**Records for processing:**
- Opening Delimiter -

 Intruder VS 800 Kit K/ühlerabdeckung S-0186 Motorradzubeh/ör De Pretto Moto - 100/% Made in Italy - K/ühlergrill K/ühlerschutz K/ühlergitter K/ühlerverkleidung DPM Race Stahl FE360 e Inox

- Closing Delimiter -
- Opening Delimiter -

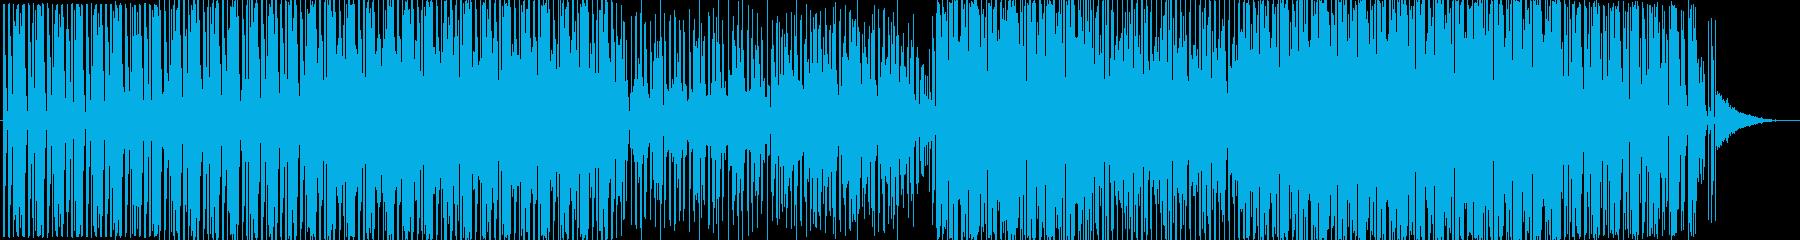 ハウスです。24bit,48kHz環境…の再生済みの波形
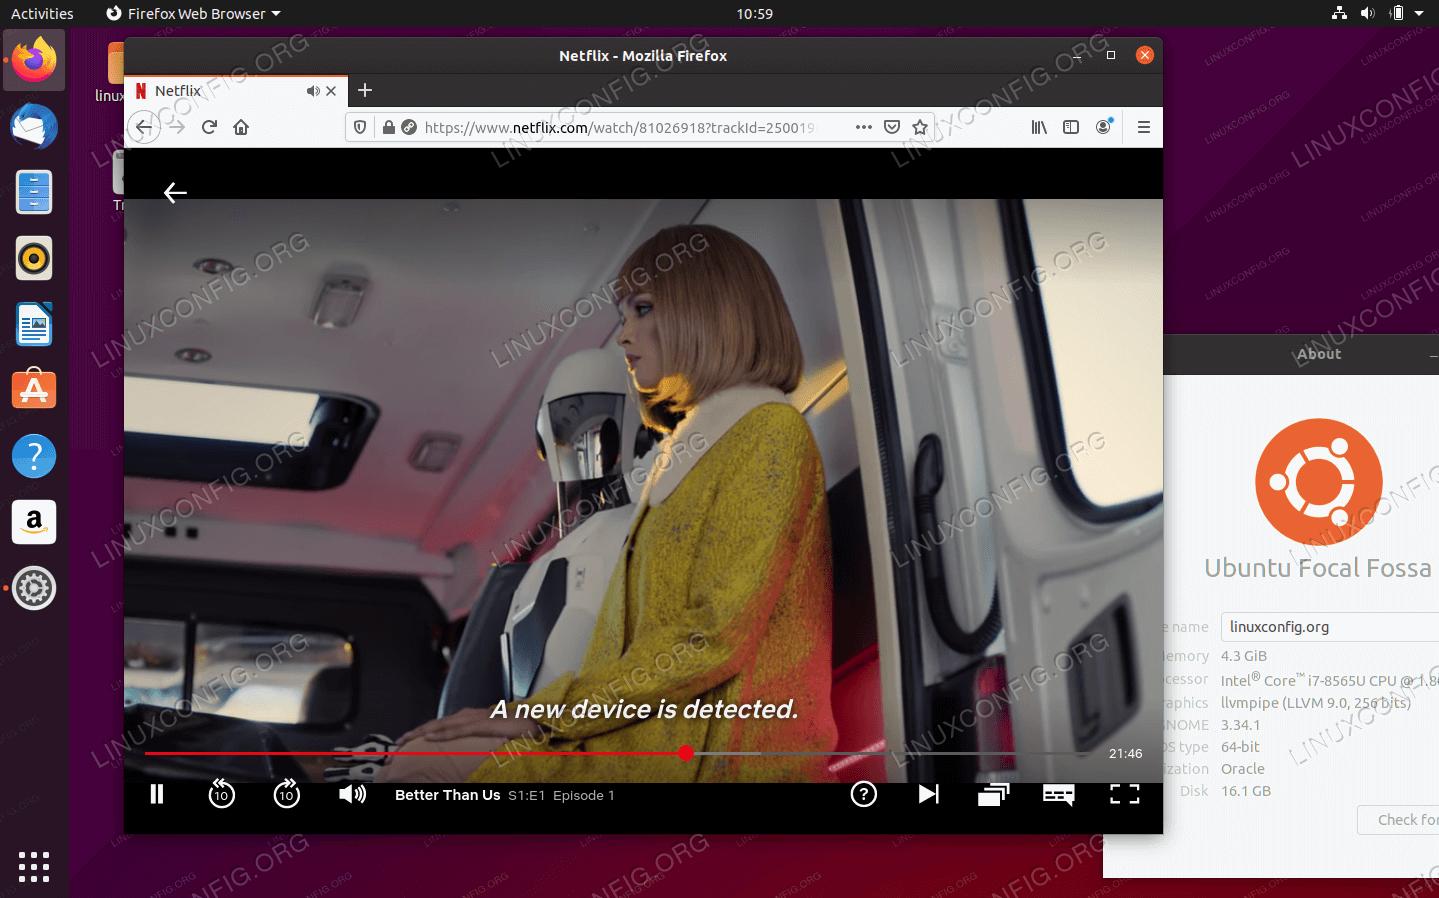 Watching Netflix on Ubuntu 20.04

- Closing Delimiter -

**Exercise instructions:** Leaving out each picture, repeat exactly the lines above from the one that contains "ハウスです。24bit,48kHz環境…の再生済みの波形" through the one that contains "Watching Netflix on Ubuntu 20.04".

**Answer box:**
 ハウスです。24bit,48kHz環境…の再生済みの波形
 Watching Netflix on Ubuntu 20.04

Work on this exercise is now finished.